1. - Посев мазков из зева и носа.

2. - Посев содержимого женских половых органов.

Описание манипуляций :

1. Материал для исследования забираем сухим стерильным тампоном. Берётся чашка с кровяным агаром, на ней ставится число и номер. Прикасаемся тампоном со всех сторон по середине чашки, затем берем петлю, обжигаем над пламенем спиртовки, остужаем и рисуем перпендикулярные штрихи по всей чашке (тампон-петля). Убираем в термостат на сутки.

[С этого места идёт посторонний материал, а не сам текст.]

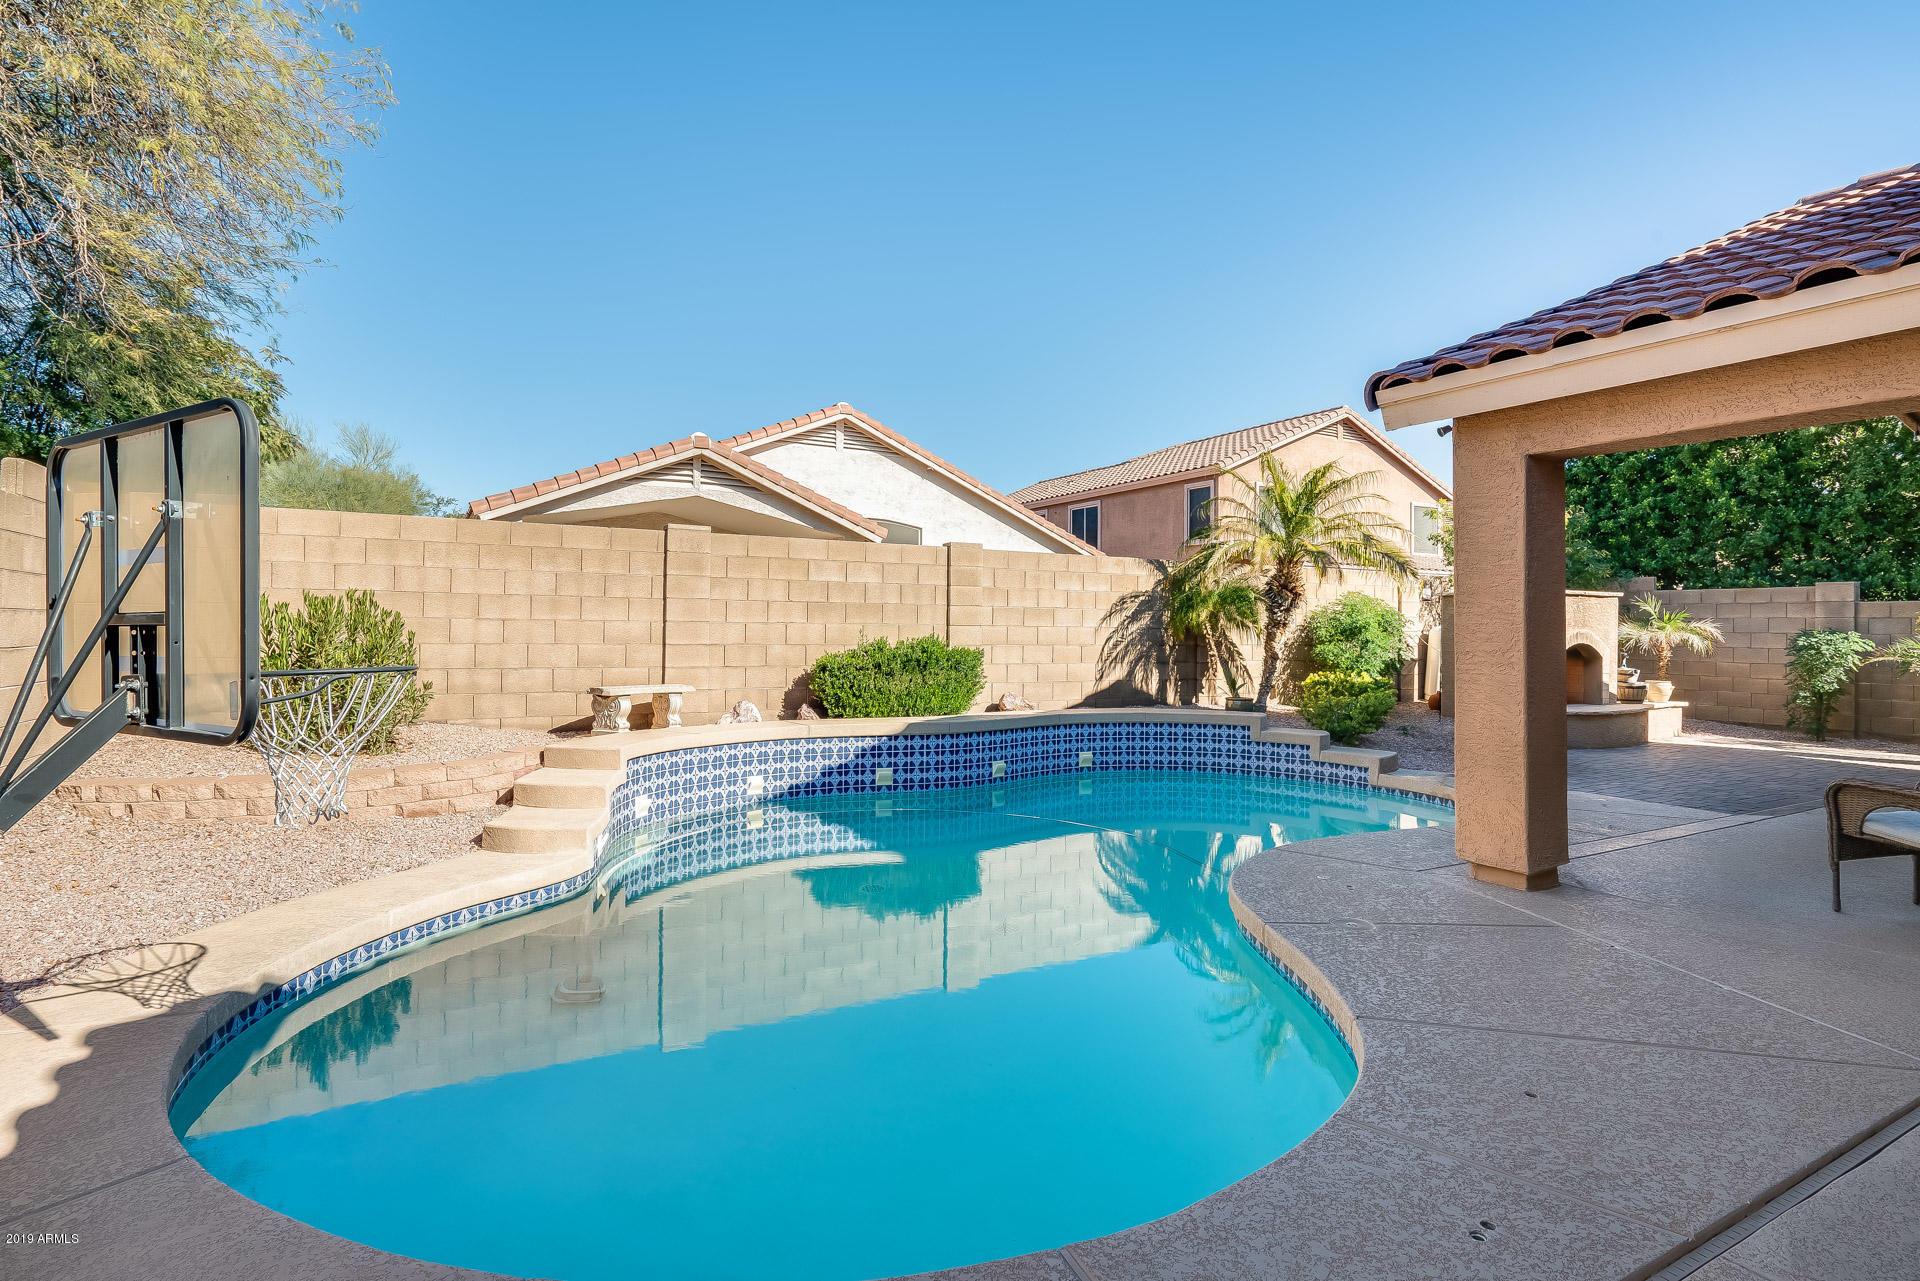 MLS 5874872 7454 W MOHAWK Lane, Glendale, AZ 85308 Glendale AZ Sierra Verde

2. Посев содержимого женских половых органов:

Содержимое женских половых органов забирают тампоном в стерильные пробирки и доставляем в лабораторию. Подписываем на чашке номер, присвоенный в регистратуре. Сеется на кровяной агар по методу Голда. Берём тампон и проводим всеми сторонами несколько раз по середине чашки Петри, тампон ставим обратно в пробирку. Над пламенем спиртовки обжигаем петлю и начинаем растирать нанесённый материал, не отрываясь, рисуем 40 штрихов вверх, обжигаем петлю и наносим 4 штриха поперёк предыдущего сектора. Петлю обжигаем, остужаем и наносим 4 штриха не касаясь большого сектора, поперёк первых 4 - х штрихов. Петлю обжигаем, остужаем и поперёк вторых 4 - х штрихов наносим ещё 4 штриха не доходя до сектора А.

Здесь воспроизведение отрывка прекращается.